Top of GIVEN RECORDS
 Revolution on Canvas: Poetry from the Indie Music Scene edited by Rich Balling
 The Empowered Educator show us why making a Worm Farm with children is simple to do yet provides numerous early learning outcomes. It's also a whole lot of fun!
Bottom of GIVEN RECORDS
Top of GIVEN RECORDS
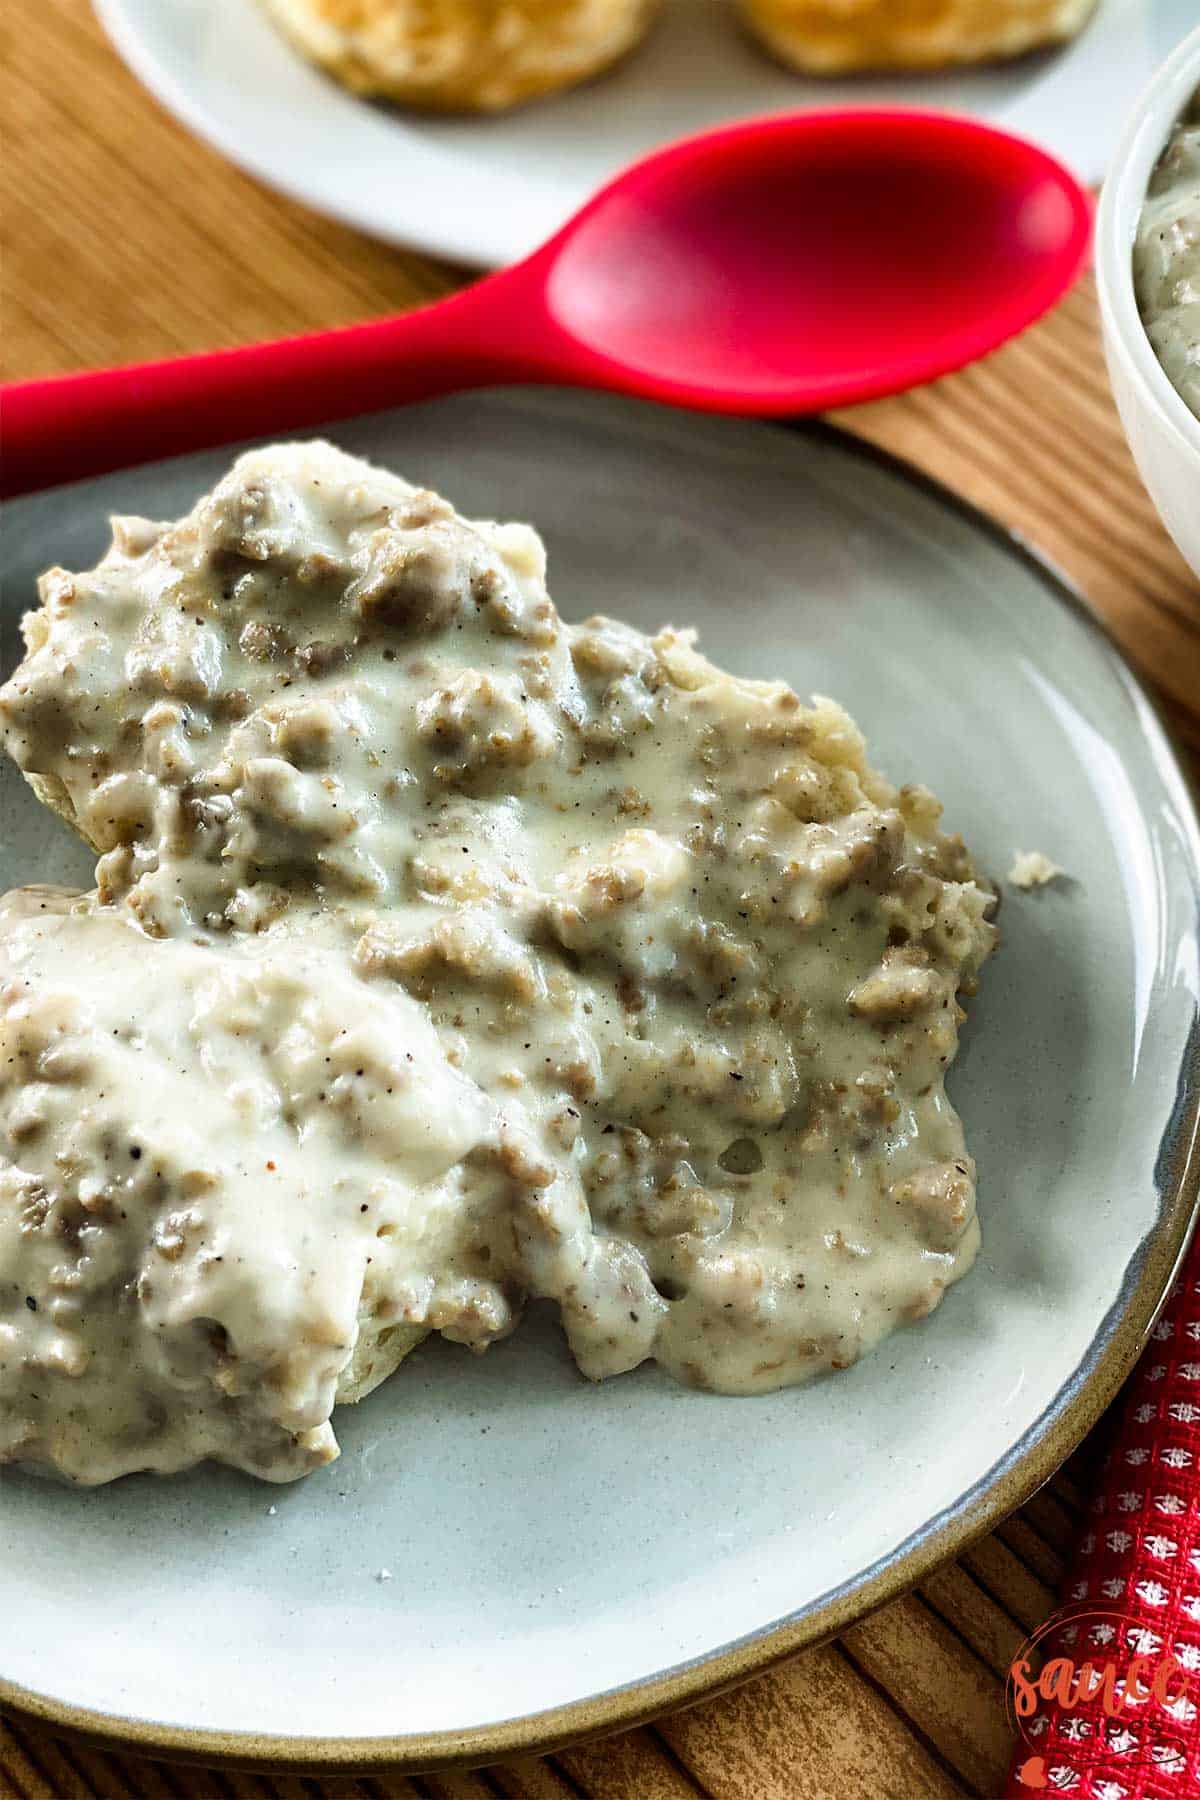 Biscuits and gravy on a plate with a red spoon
Bottom of GIVEN RECORDS
Top of GIVEN RECORDS
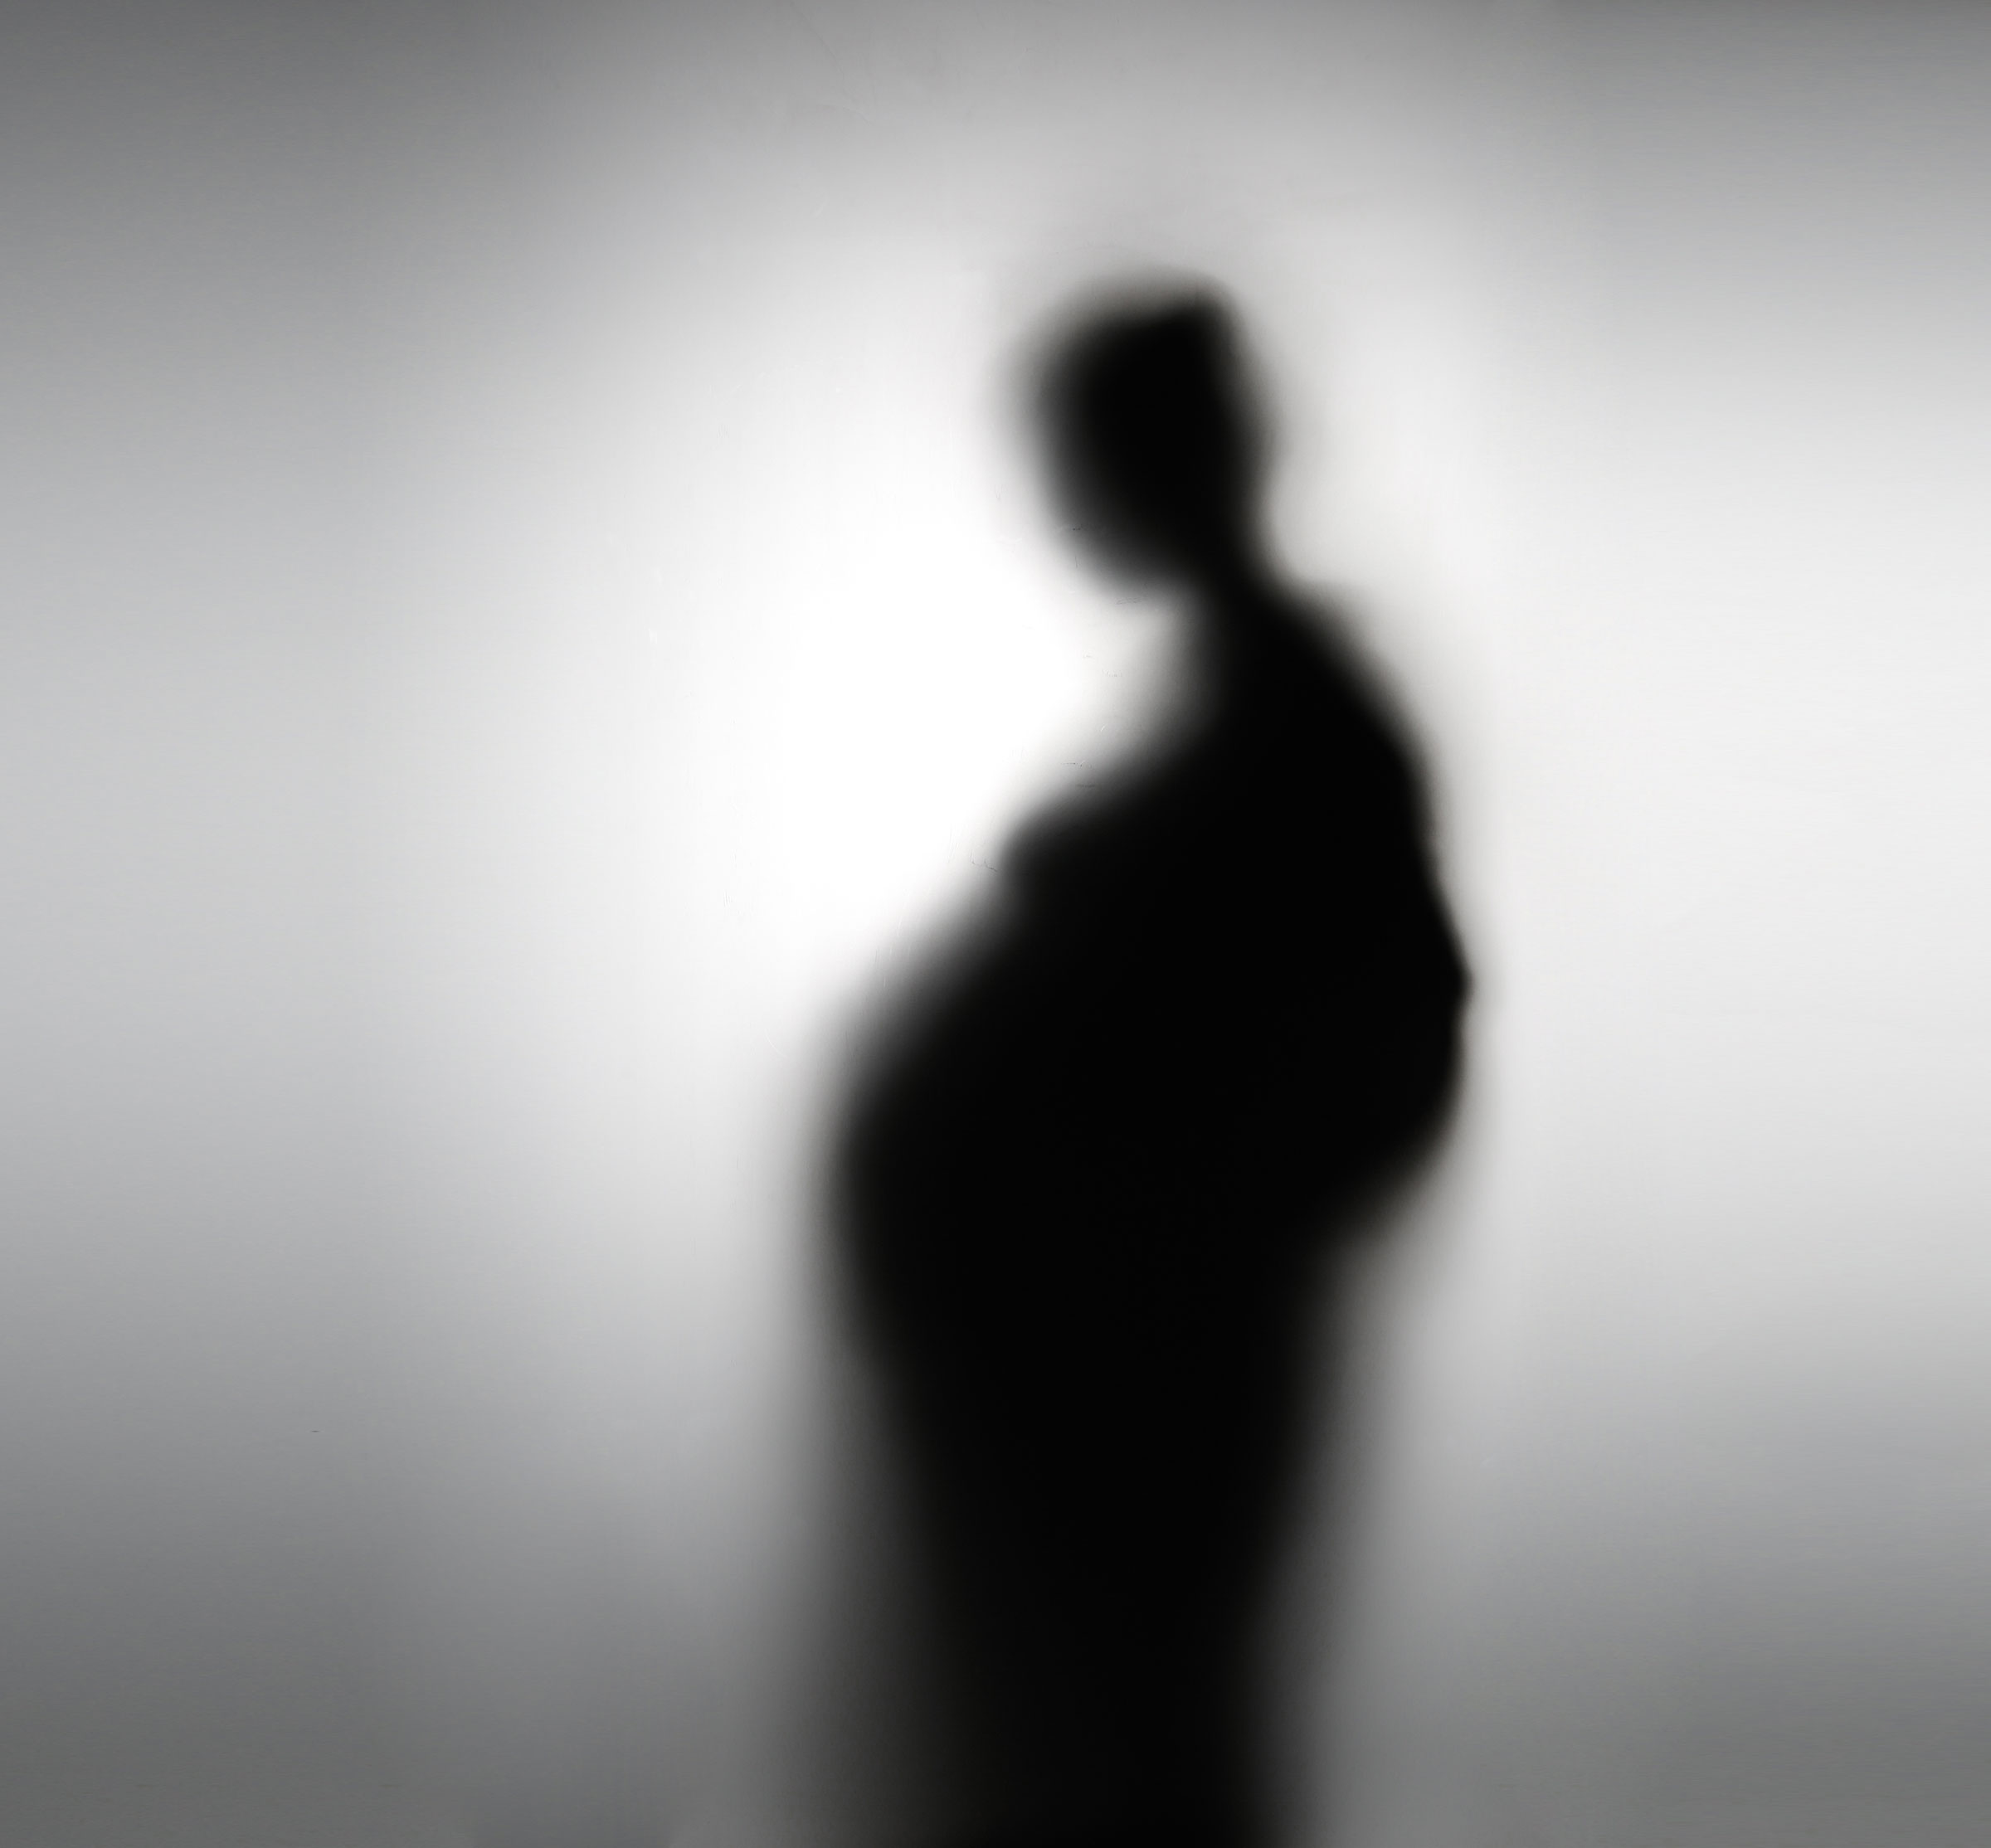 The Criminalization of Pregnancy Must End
Bottom of GIVEN RECORDS
ABOUT THIS TASK -
From the entries above, restate word for word the lines from the line containing "Revolution on Canvas: Poetry" to the line containing "The Empowered Educator", both ends included, and nothing more.

COMPLETED TASK -
 Revolution on Canvas: Poetry from the Indie Music Scene edited by Rich Balling
 The Empowered Educator show us why making a Worm Farm with children is simple to do yet provides numerous early learning outcomes. It's also a whole lot of fun!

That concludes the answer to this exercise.